En busca de nuevos vicios
La luz del sol agrietó la superficie rota del agua, como si se liberara de las vítreas profundidades gracias a mi zambullida. Nadé pausadamente un largo, toqué el borde de azulejos y me subí al trampolín. Las ondas lamían los lados de la piscina, negándose a calmarse y ávidas de aplaudir al siguiente nadador predesayuno en busca de apetito.
Mientras me secaba con la toalla, sin embargo, supuse que pasaría otro día y seguiría siendo el único cliente de la piscina, así como el único visitante de las pistas de tenis y el gimnasio. Intentando matar el tiempo me puse a leer los periódicos de Londres en el bar al aire libre y a pensar en el juicio de Frank, y al fin me di cuenta de que en la Residencia Costasol el tiempo se había muerto mucho antes de mi llegada.

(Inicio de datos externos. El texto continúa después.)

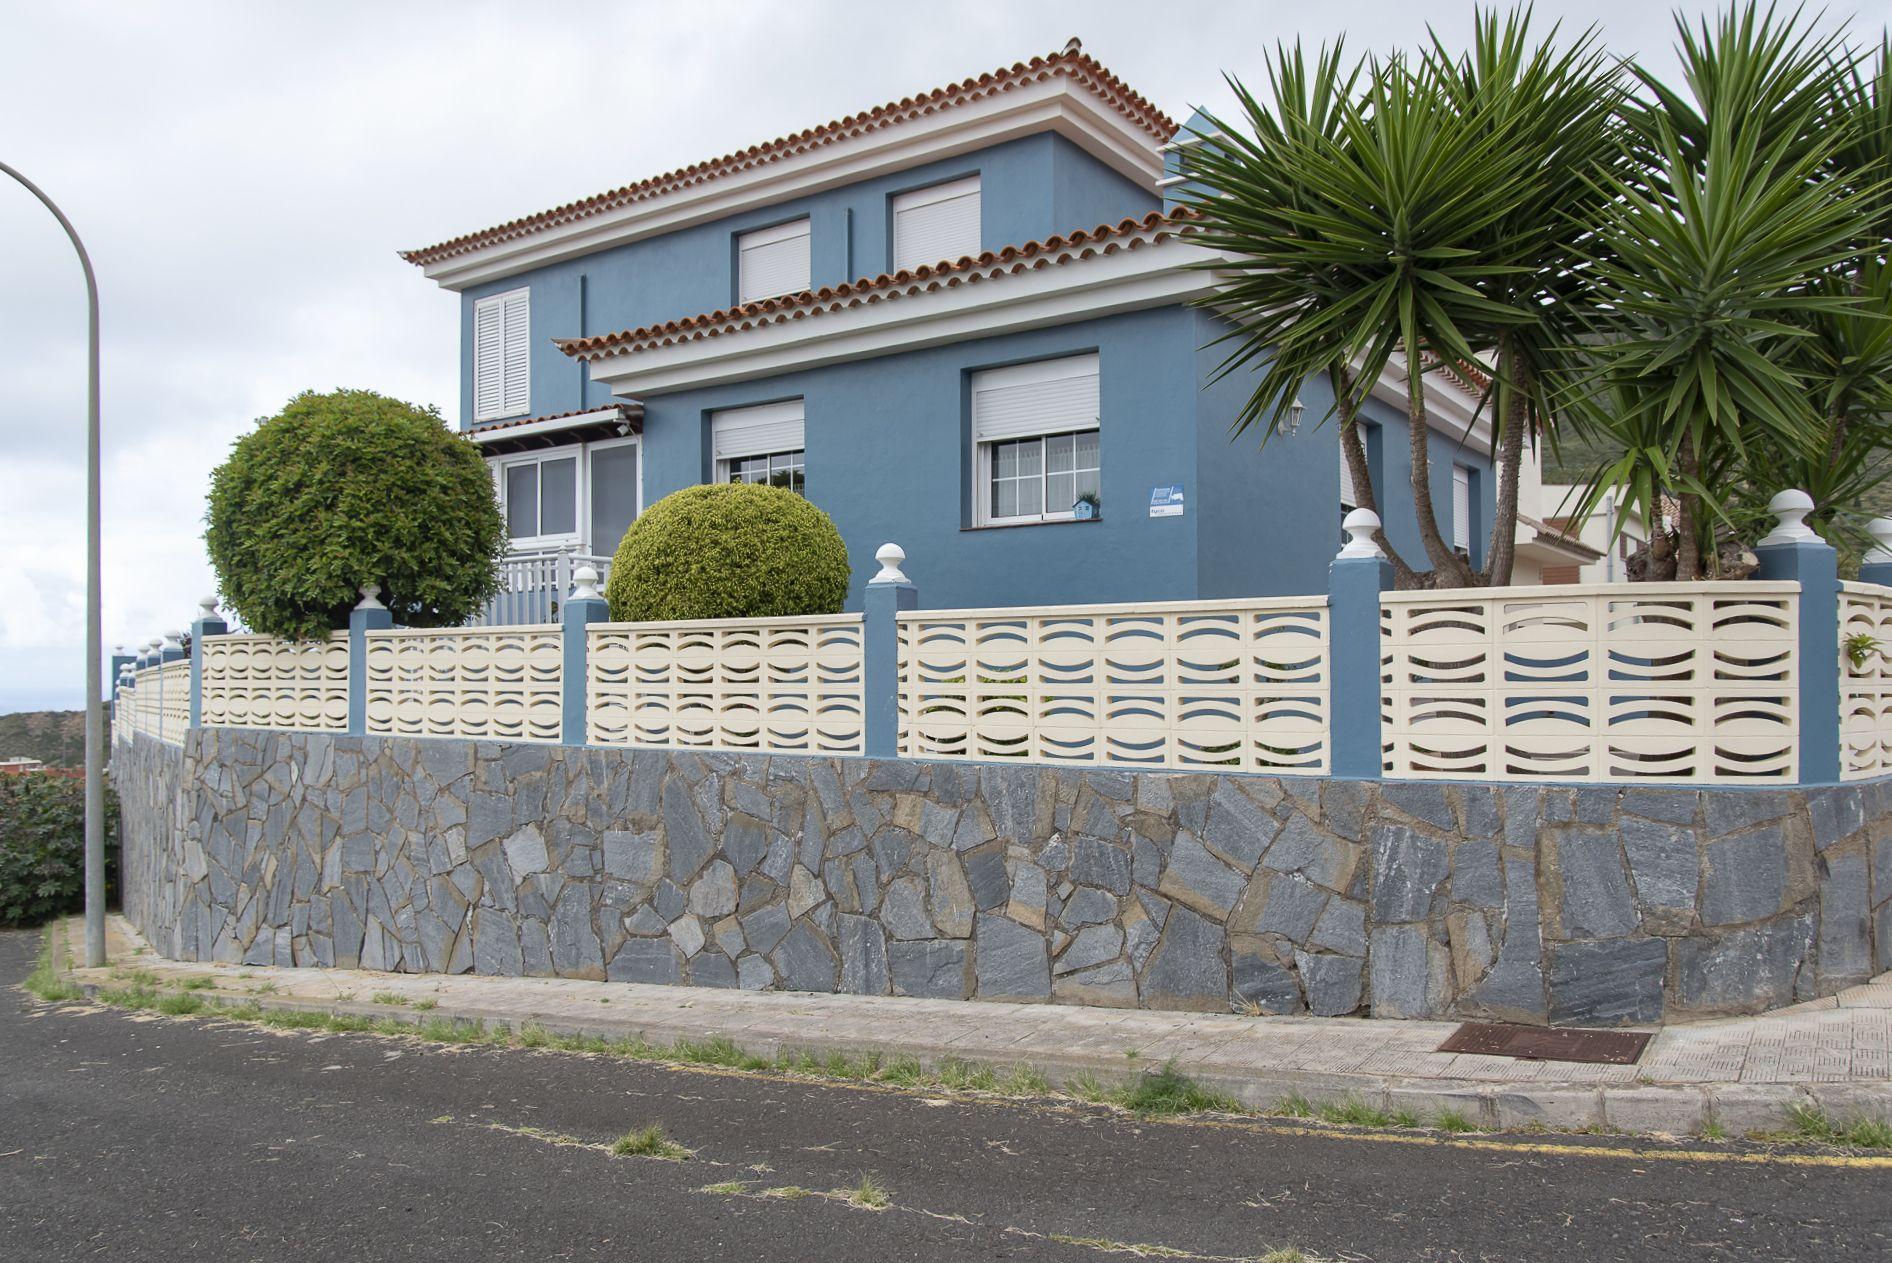 La Casa Azul - Tegueste. Fachada

Durante mi primera semana como «director» del club deportivo, me limité a sentarme y mirar a los trabajadores de Elizabeth Shand que renovaban las instalaciones, limpiaron y llenaron la piscina, regaron los jardines, pintaron las rayas blancas de las pistas de tenis, y por último pulieron el suelo de madera del gimnasio hasta dejarlo como un espejo, listo para las primeras clases de aerobic.
No había aparecido ningún vecino de Costasol a pesar de estos esfuerzos y del caro mobiliario de piscina que esperaba mullidamente a los cansados miembros de la residencia. Mi horario, como me había dicho David Hennessy, era de once de la mañana a tres de la tarde, pero «tómese el tiempo que quiera para el almuerzo, querido muchacho, no queremos que se muera de aburrimiento».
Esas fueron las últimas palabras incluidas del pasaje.